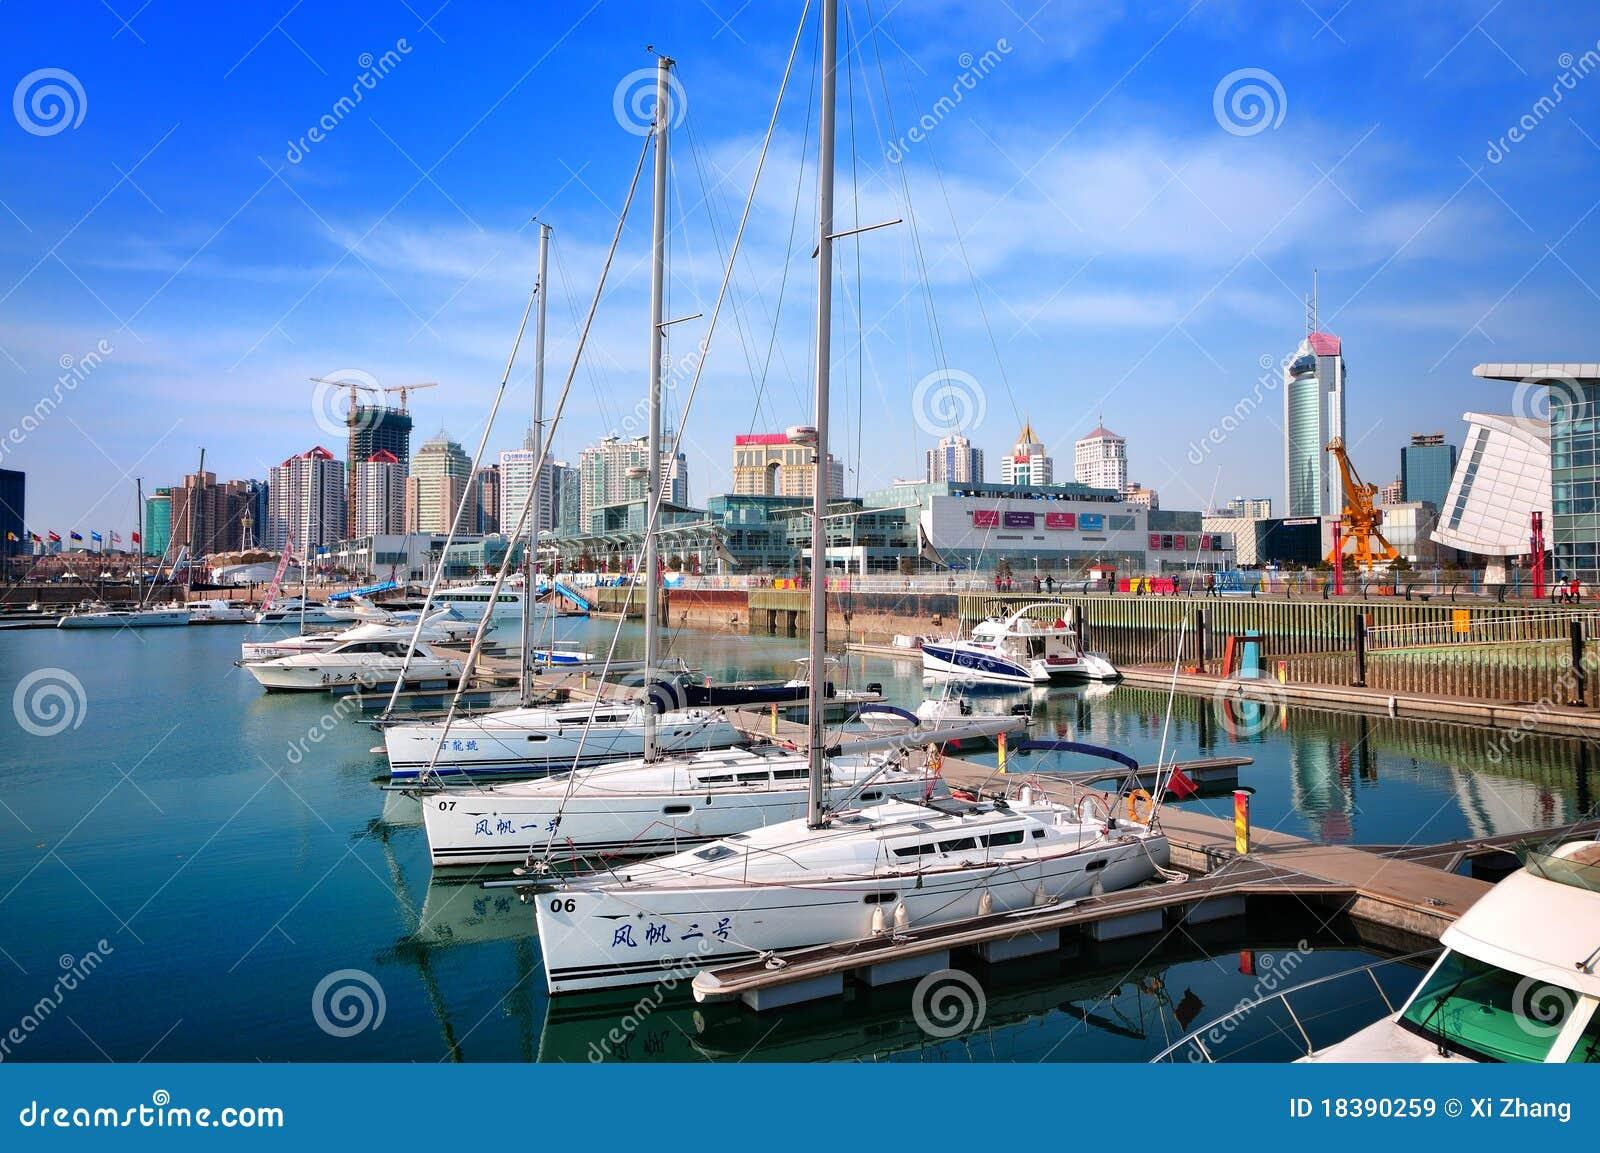 瓷城市海滨广场青岛游艇
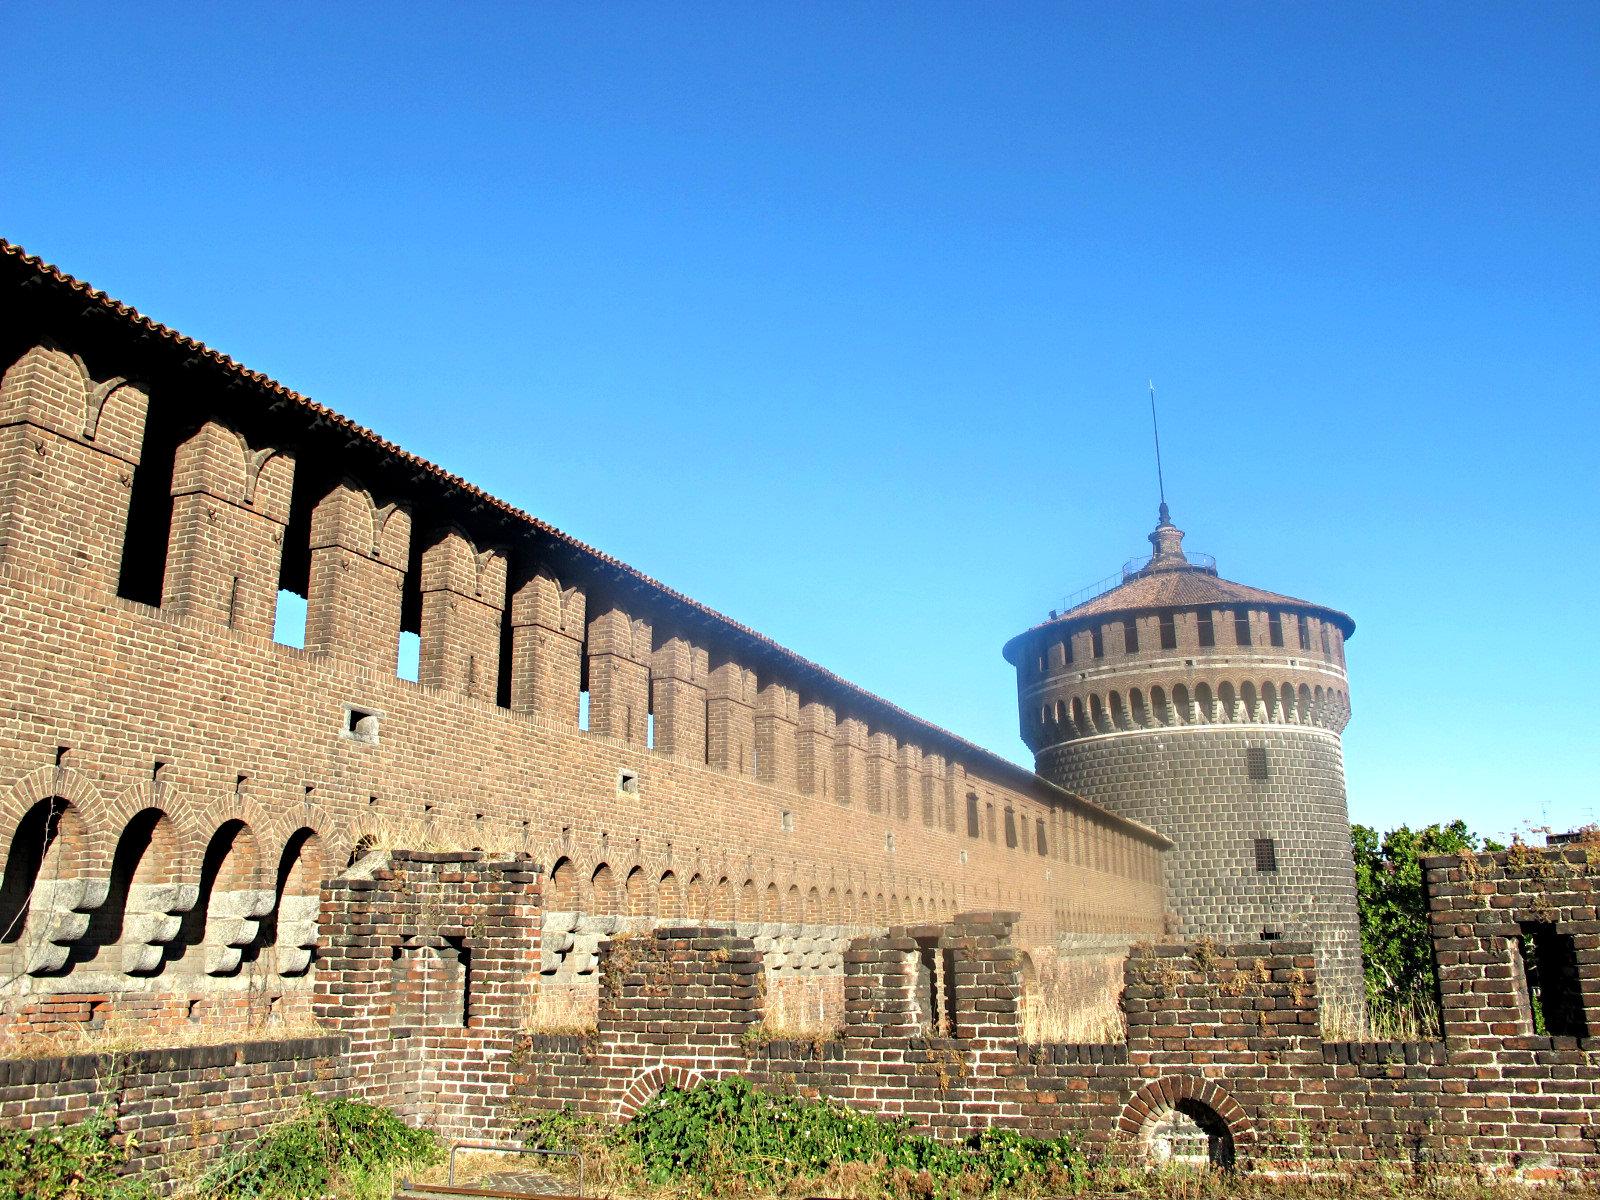 Les souterrains du château Sforzesco, histoire et frissons!
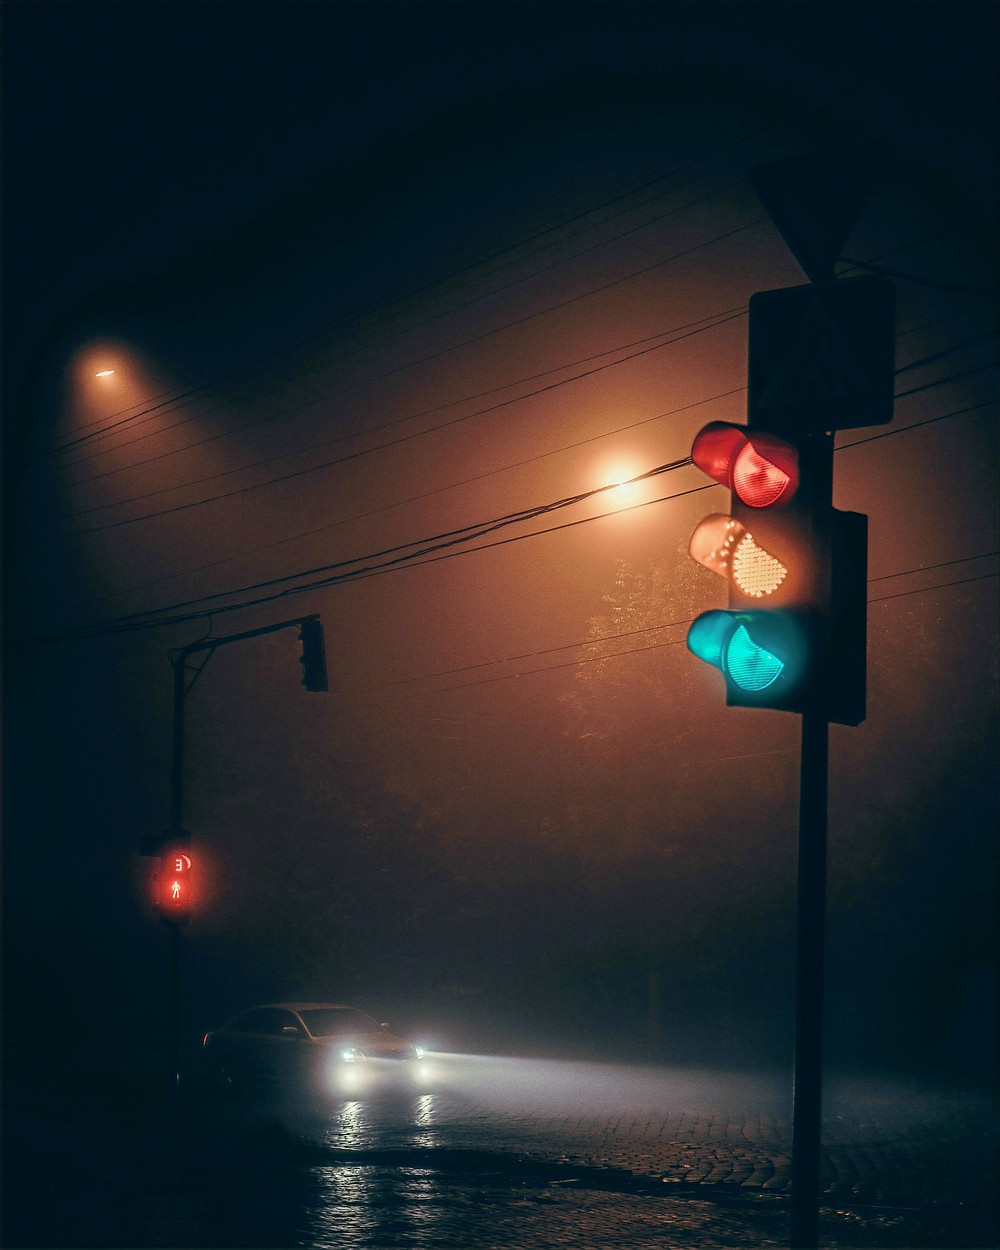 Opções e escolhas. Foto de Elijah O'Donnell no Pexels.
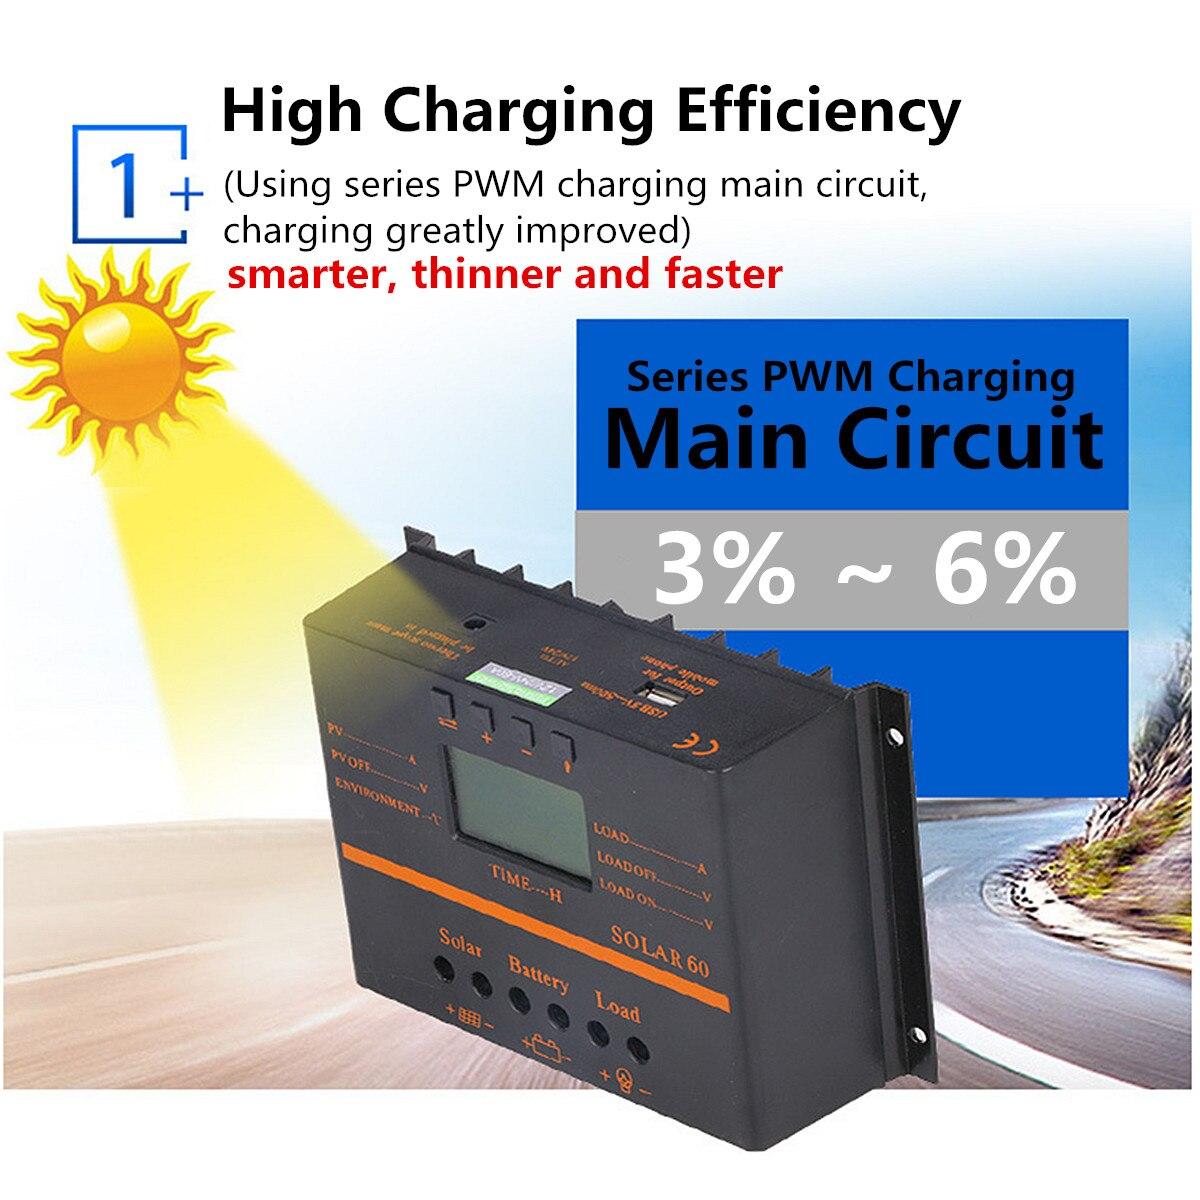 Pannello solare Regolatore di Carica Della Batteria Regolatore 12 V/24 V Auto Display LCD PWM USB 40A/50A/ 60A/80A Protezione Da Sovraccarico Automatico

* _What to produce_: Leave out the pictures, and please output only the lines from the line that contains "Opções e escolhas." through the end of the data, both ends included.

* _Written solution_:
 Opções e escolhas. Foto de Elijah O'Donnell no Pexels.
 Pannello solare Regolatore di Carica Della Batteria Regolatore 12 V/24 V Auto Display LCD PWM USB 40A/50A/ 60A/80A Protezione Da Sovraccarico Automatico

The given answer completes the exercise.